### Work instructions
Include the line containing "Snoqualmie Falls Throw" and every line after it up to the end of the material below; reproduce them exactly and drop the pictures.

### Material provided
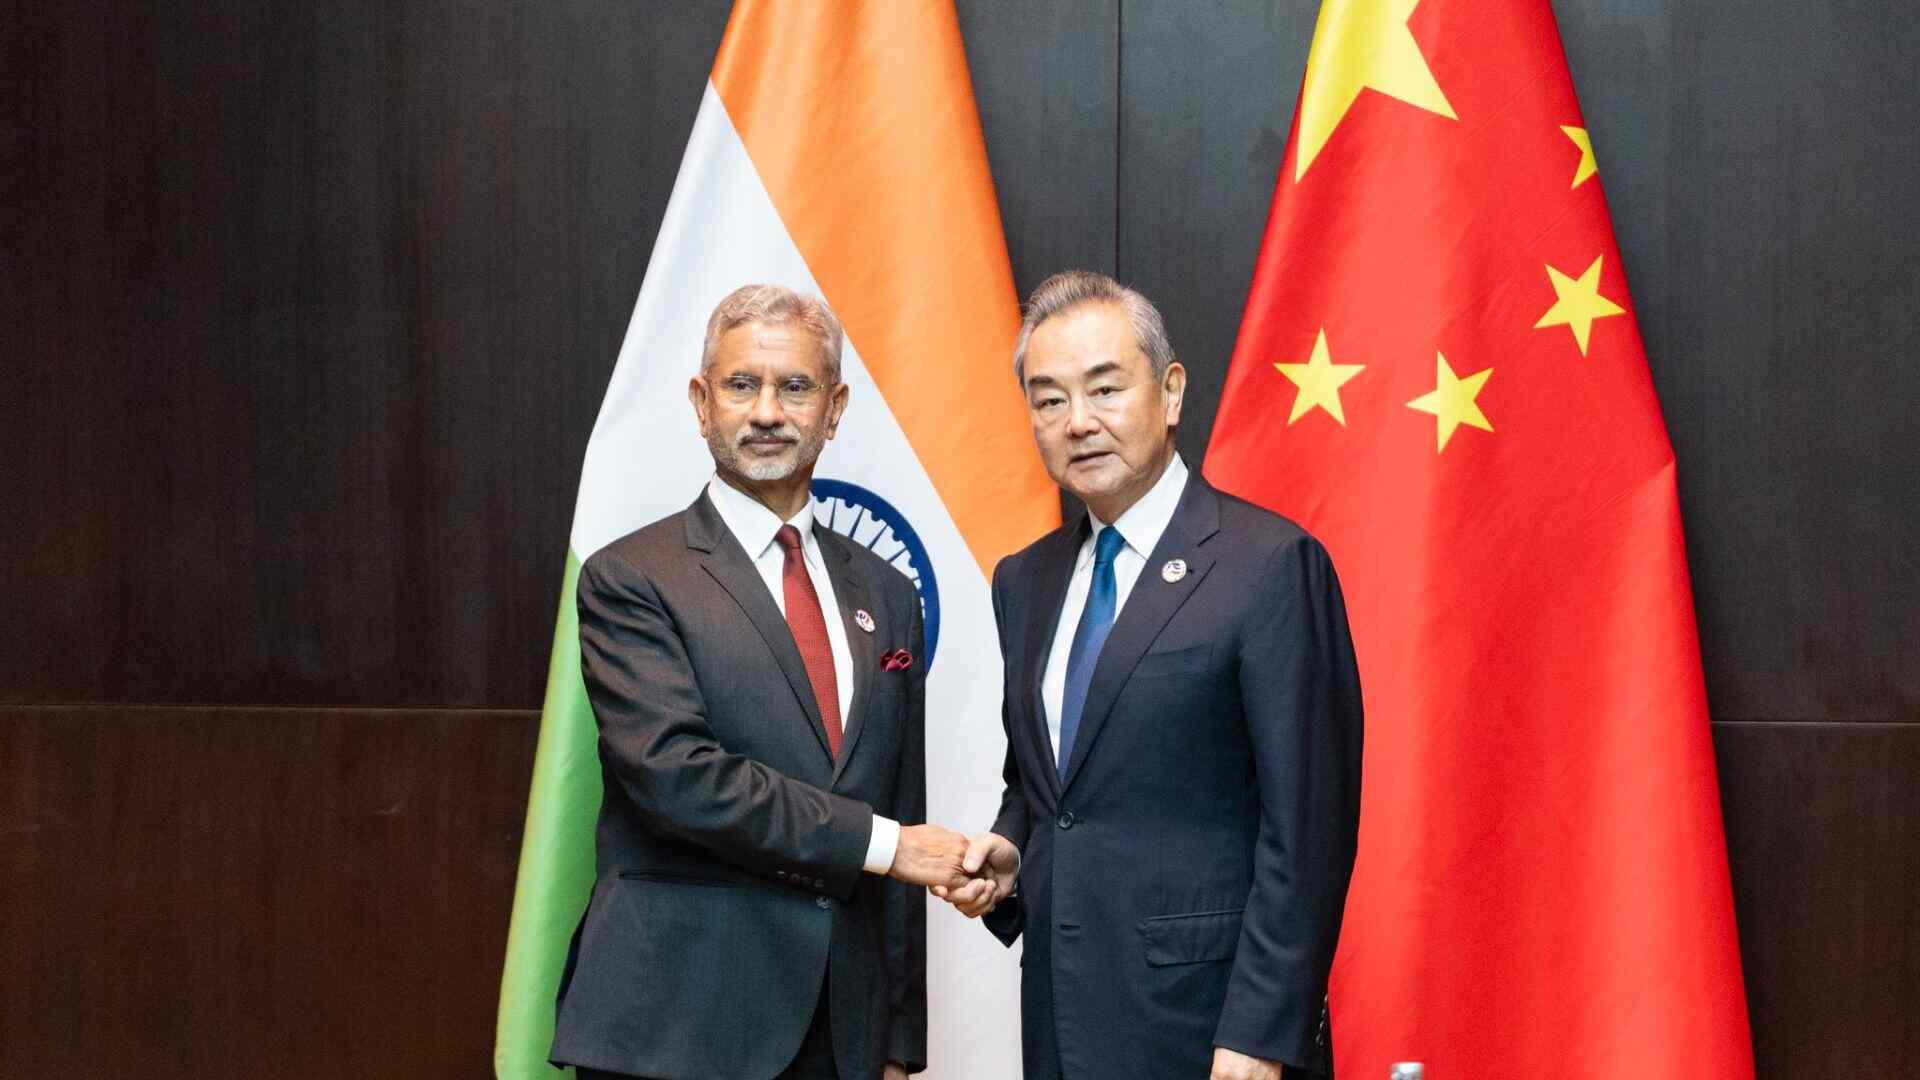 EAM Jaishankar Addresses Border Disputes In Meeting With Chinese Foreign Minister
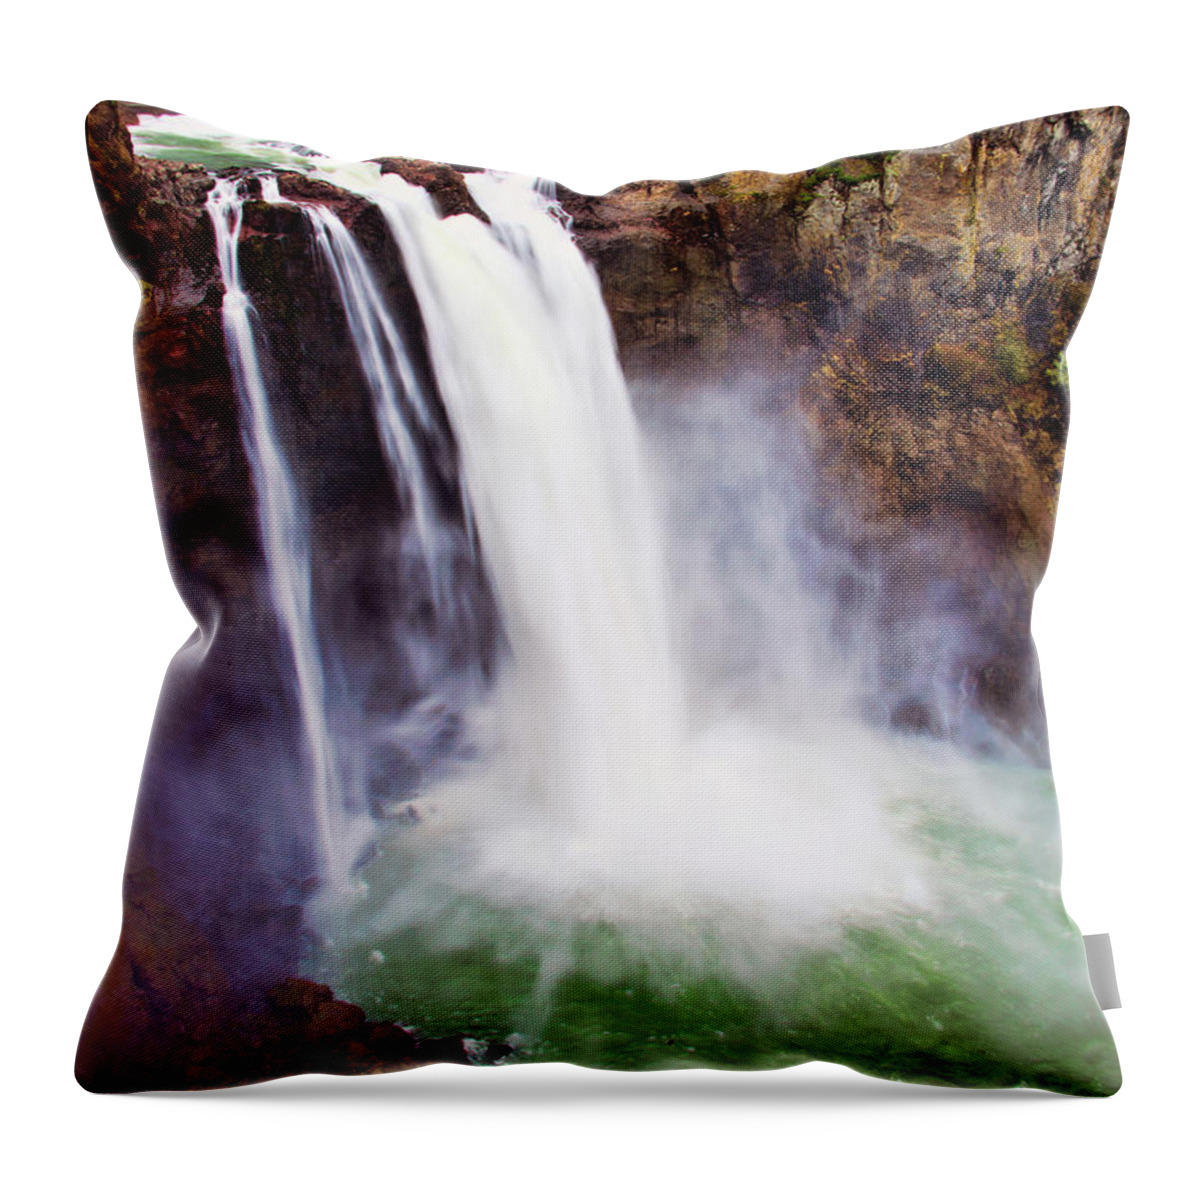 Snoqualmie Falls Throw Pillow featuring the photograph Snoqualmie Falls by Jerry Cahill
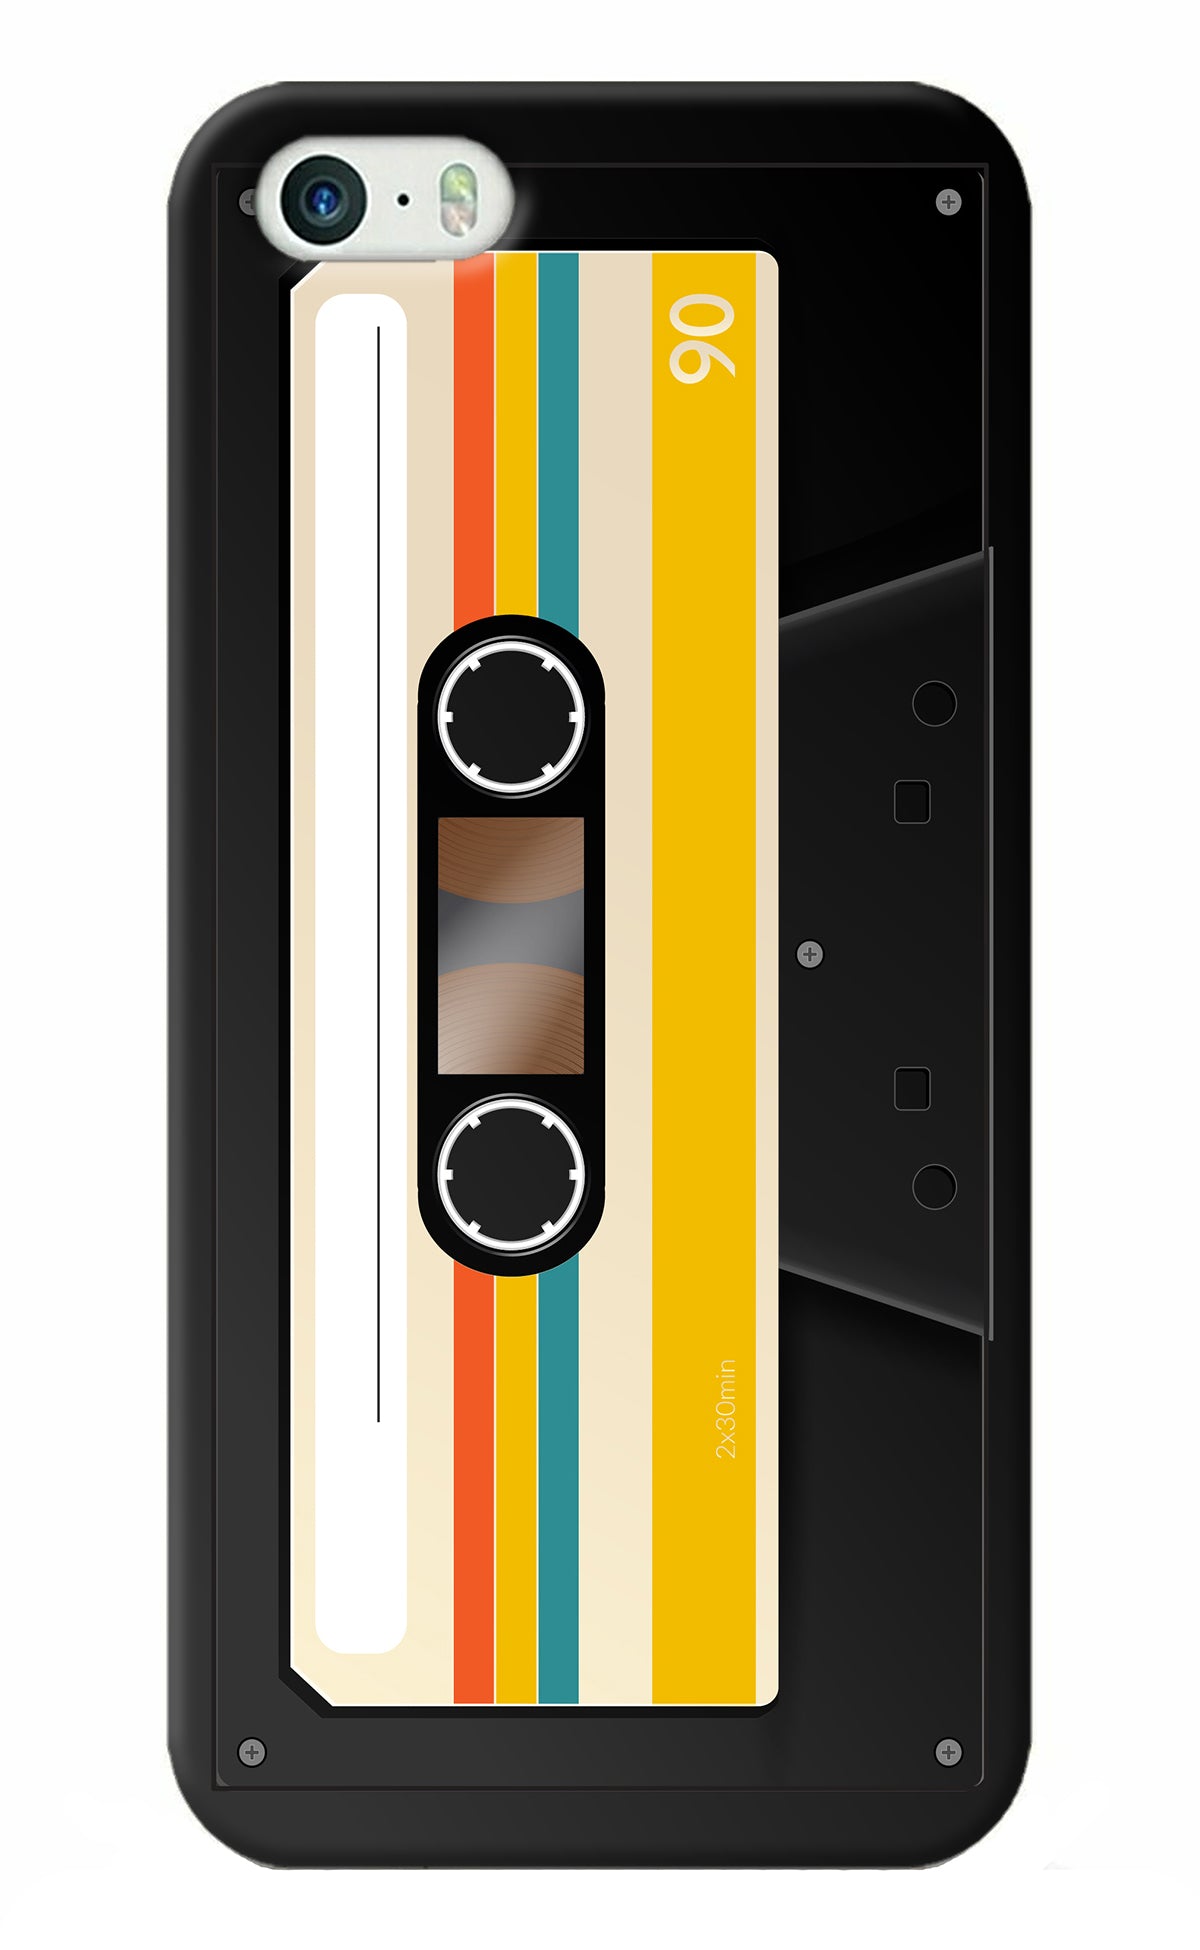 Tape Cassette iPhone 5/5s Back Cover
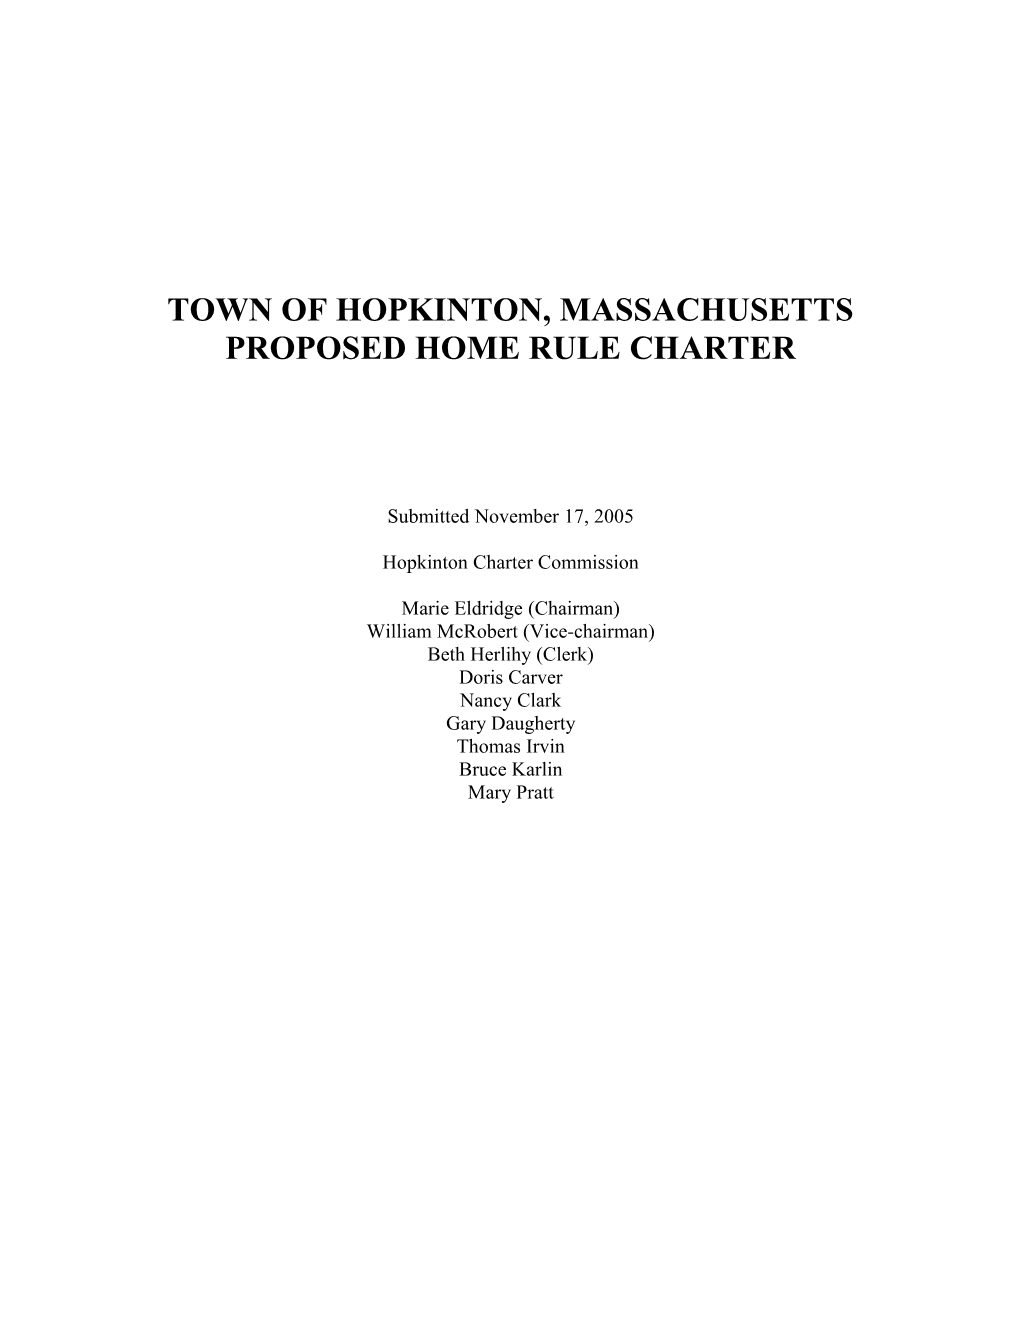 Preliminary Home Rule Charter

### Your response
 Snoqualmie Falls Throw Pillow featuring the photograph Snoqualmie Falls by Jerry Cahill
 Tape Cassette iPhone 5/5s Back Cover
 Preliminary Home Rule Charter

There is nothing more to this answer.